New at Old York
What does John Hancock have to do with the John Hancock Wharf?
By Anne Poubeau
Education Director
York’s John Hancock Wharf is the last 18th-century warehouse remaining along the York River.
Courtesy photo
John Hancock is well known for being the first person to sign the Declaration of Independence, for being the first governor of Massachusetts, of which Maine was a province, and for being the first president of the Continental Congress after the Declaration of Independence.
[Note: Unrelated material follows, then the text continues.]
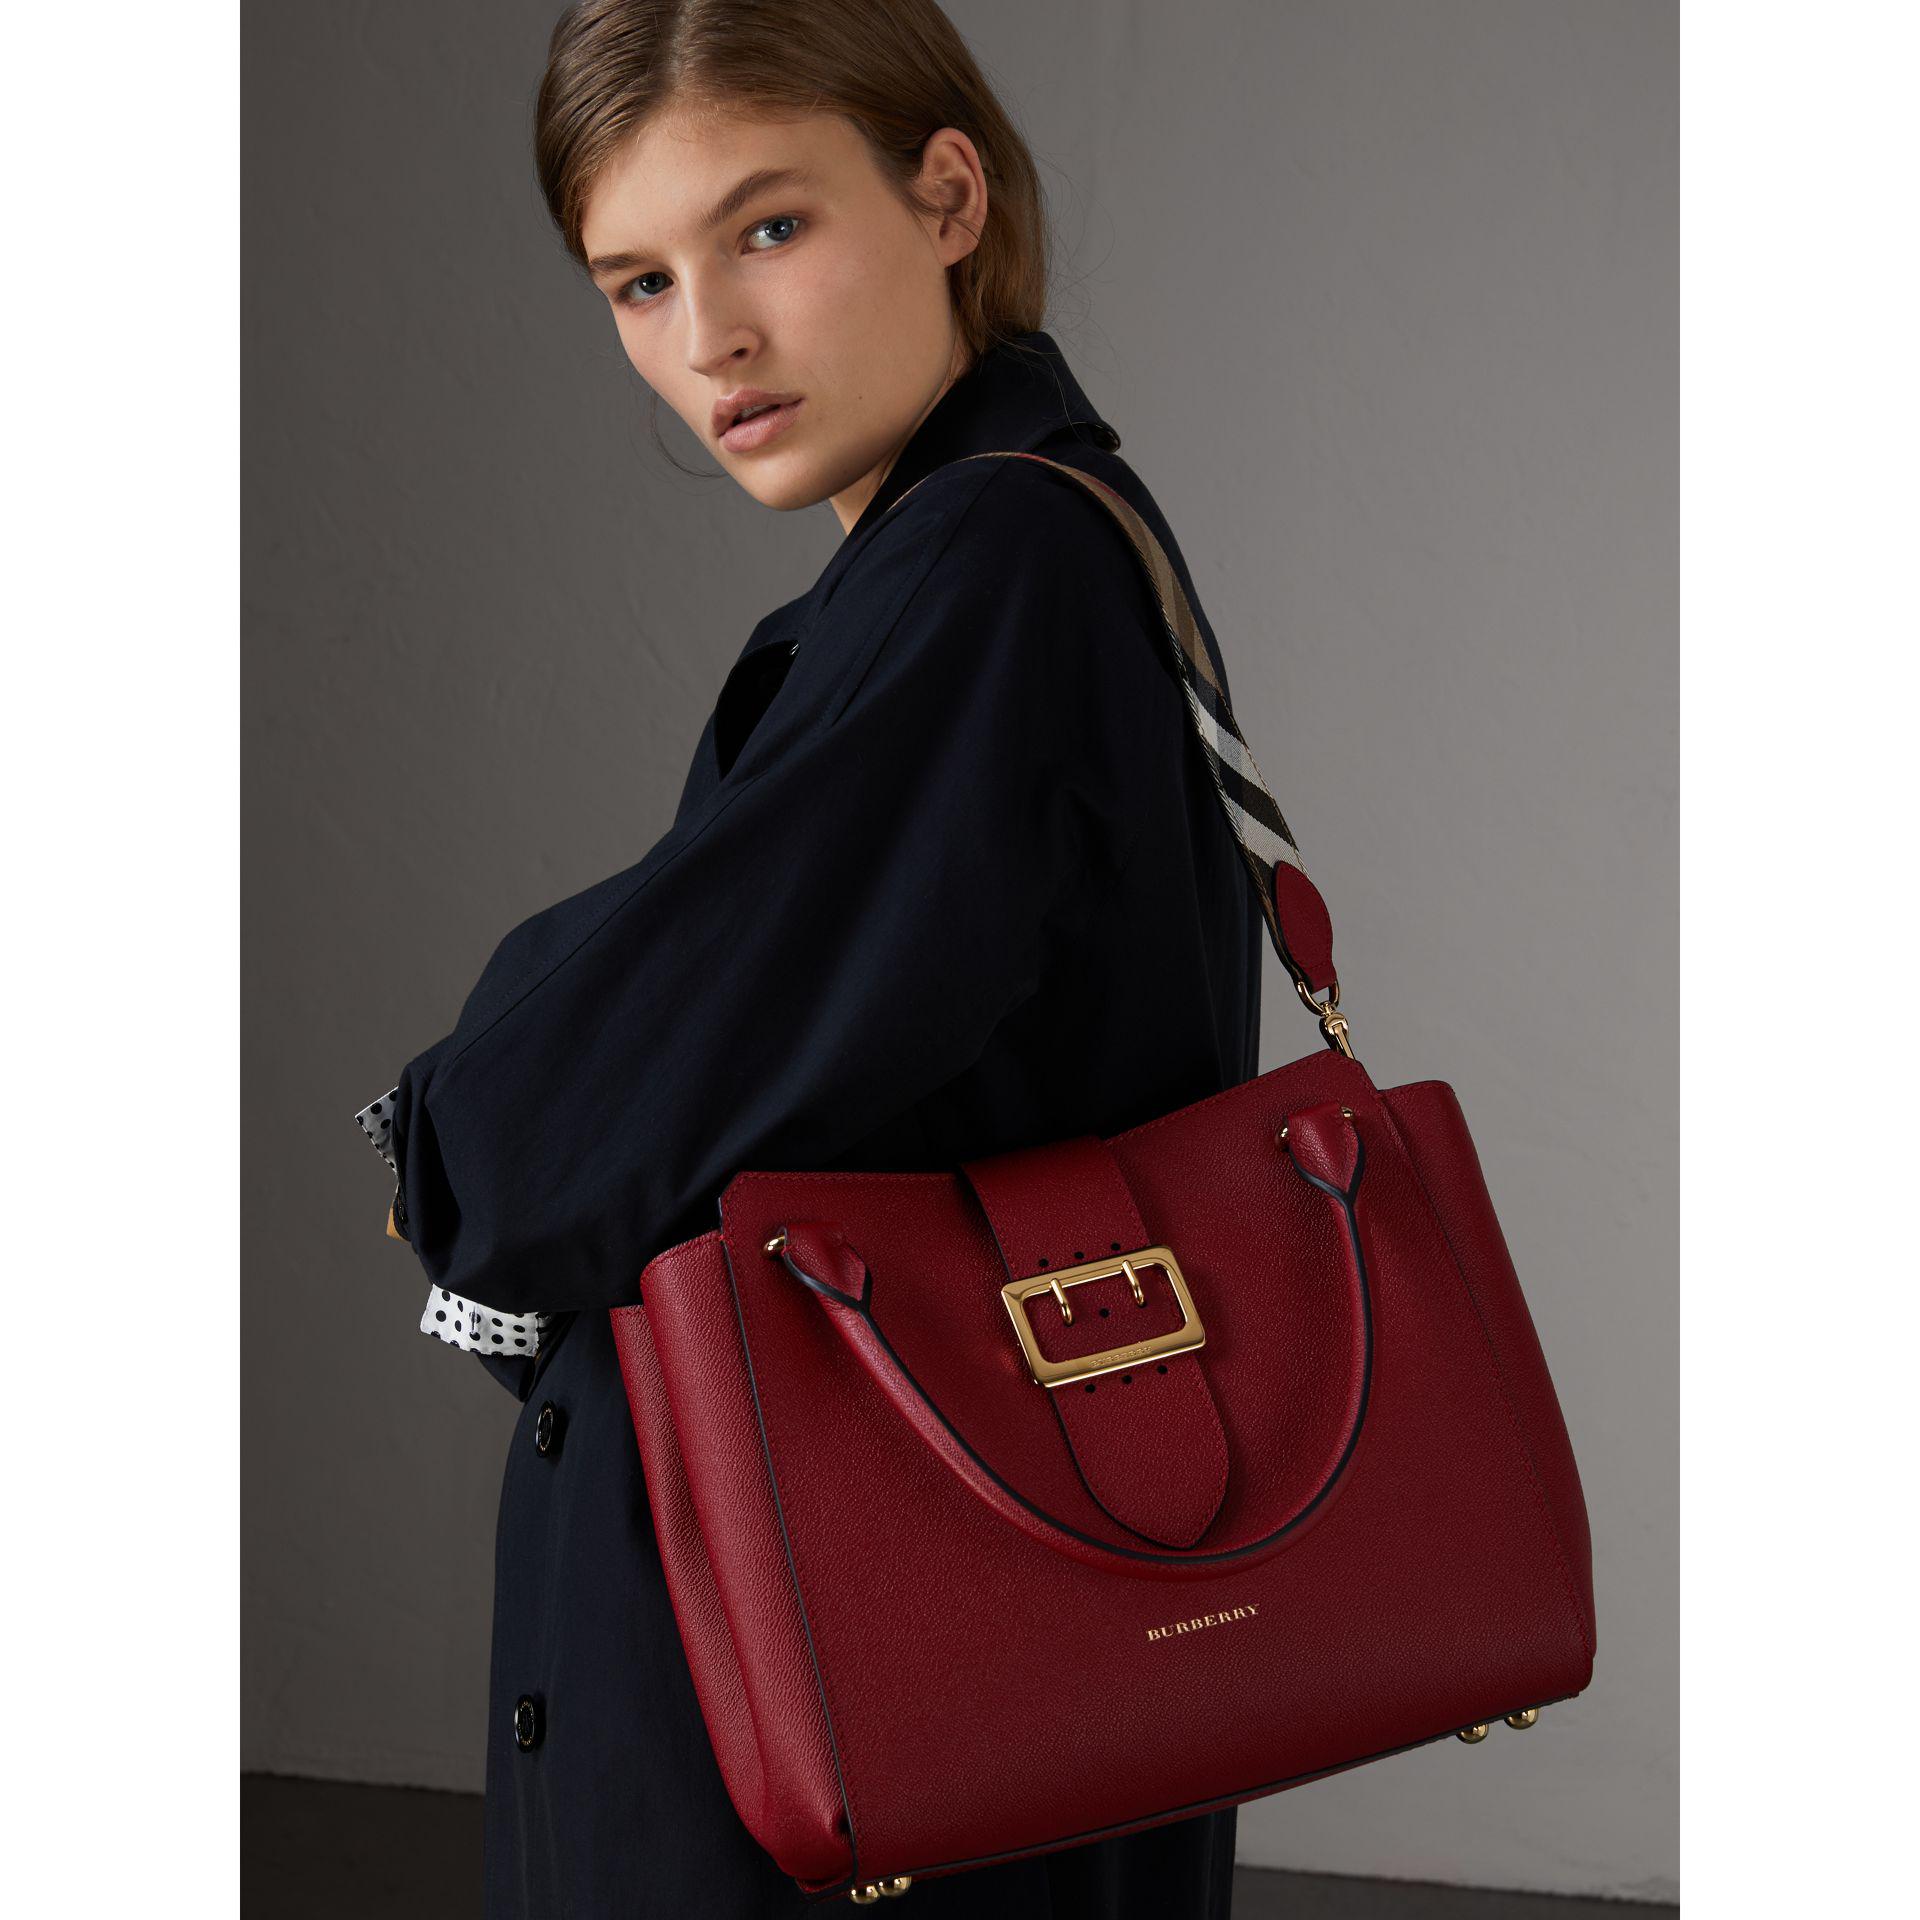 Burberry The Medium Buckle Tote In Grainy Leather Parade Red | Lyst

John Hancock actually owned a half-interest in the warehouse located on Lindsay Road, adjacent to the George Marshall Store. He acquired it through a business deal in which he extended credit to York resident Daniel Bragdon, who he had known in Boston. Bragdon had been in a partnership with Capt. Joseph Tucker, who owned the other half of the warehouse and was one of the first customs collectors for the town of York. Bragdon fell on hard times and had to mortgage his estate to Gov. John Hancock on June 20, 1787. After Bragdon's death, Tucker and Hancock shared the ownership of the warehouse until Hancock's death in 1793. John Hancock's brother, Ebenezer, took over the ownership and eventually sold his brother's share to Tucker on May 26, 1800.
John Hancock's connections with York are sparse. His grandfather served briefly as a minister here after the Candlemas Raid. According to William Fowler, one of Hancock's biographers, the warehouse in York was the only one he owned outside of Boston and he did not use it to store contraband or to evade British taxes, which is what people believed for generations.
Local historians are not even sure that John Hancock ever visited the warehouse. The only mention of a visit to York by the governor of Massachusetts appears in Jonathan Sayward's diary:
1791: Governor Hancock and Lady & his sute paid me an agreeable visit and dined with a large company with which he honored me & in confidence regained my judgment of men for the good of the country in which I hope I have done some service.
In the late 1960s, the Newcomen Society in North America, a non-profit business educational foundation, owned the warehouse. They obtained National Historic Site status for it. At that time, it was the last 18th-century warehouse to survive along the York River, which had once been lined with them, a vestige of the town's once booming maritime trade. That alone made it significant, but attaching a famous person's name to the building had popular appeal; hence, the warehouse was named for John Hancock. Old York acquired the building from the Newcomen Society in 1994.
This short article is based on my research on the John Hancock Warehouse during the summer of 1999 when I was a Perkins Fellow. Every summer, four graduate students spend 12 weeks at Old York, researching our history, designing new exhibits and children's programs, and bringing fresh ideas to our museum. The 2007 Perkins Fellows will arrive in a few weeks. Please come greet them on Opening Day, June 9!